There was no telephone at the Wiesners’ but, as Conway had noted, the doctor didn’t have much to go out for. No U-bahn had been built out into the working class wastes of Friedrichshain, so Russell took a 13 tram from the Brandenburg Gate to Spittelmarkt and a 60 from there to Alexanderplatz and up Neue Konigstrasse. The city deteriorated with each passing kilometer, and by the time he reached his destination most of it seemed to be on sale. The sidewalk was lined with makeshift tables, all piled high with belongings that would-be Jewish emigrants were trying to shift. The complete works of Dickens in German were on sale for a few Reichsmarks, a fine-looking violin for only a little more.
The Wiesners’ block made his own seem middle class. The street was cobbled, the walls plastered with advertisements for auctions and lists of items for sale. On the pavement a group of painfully thin young girls were hopping their way through a game of Heaven and Earth on a chalkmarked grid.
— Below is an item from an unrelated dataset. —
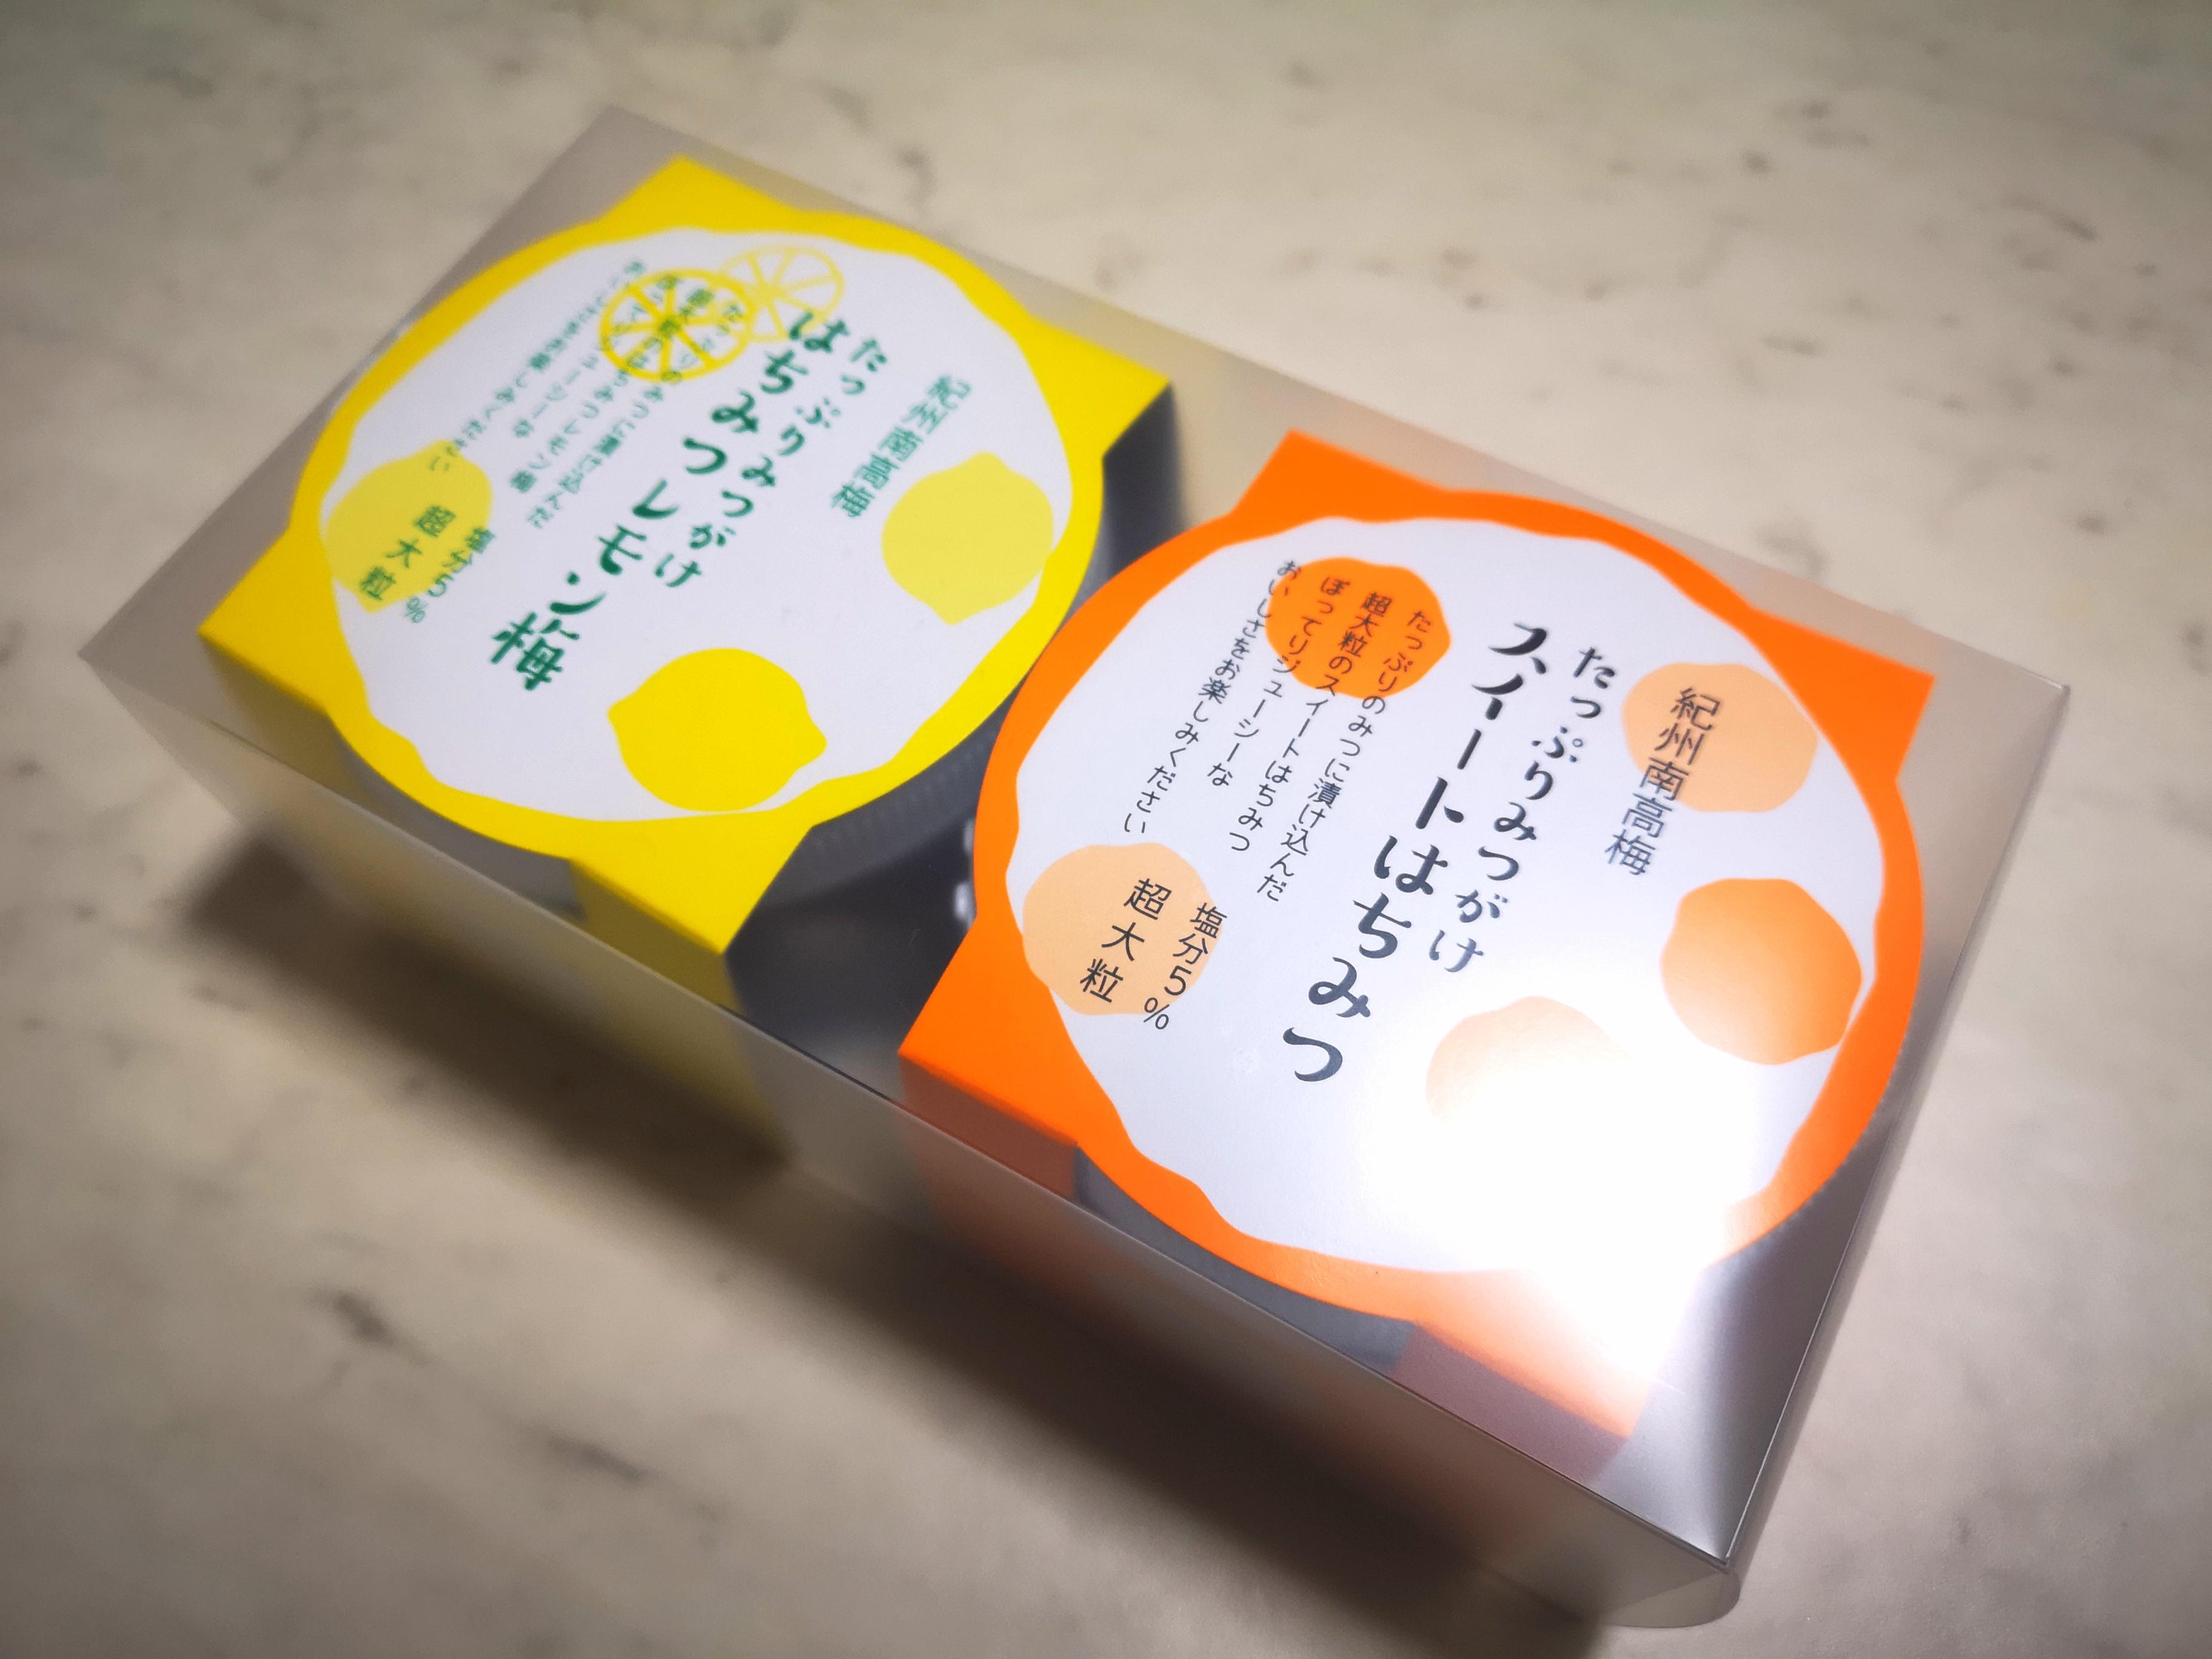 ふっくらジューシー 梅翁園の【たっぷりみつがけスイート&レモン】

In the courtyard of the Wiesners’ building the far wall still bore the faintest outline of a large hammer and sickle and the much-faded slogan ERST ESSEN, DANN MIET-first food, then rent.
The Wiesners shared two overcrowded rooms on the second floor. Contrary to Conway’s expectation, the doctor was out. He was only attending to a neighbor, however, and the older of the two daughters was sent to fetch him, leaving Russell, Frau Wiesner, and her younger daughter to exchange small talk. Frau Wiesner, a small woman with tied-back blond hair and tired gray eyes, looked anything but Jewish, while her younger daughter Ruth bore a striking resemblance to Effi, both physically and, Russell judged, temperamentally. Effi had often been mistaken for a Jew, and various employers had insisted she carry the fragebogen, which testified to her Aryan descent, at all times. She of course liked nothing better than shoving the mistake back in people’s faces.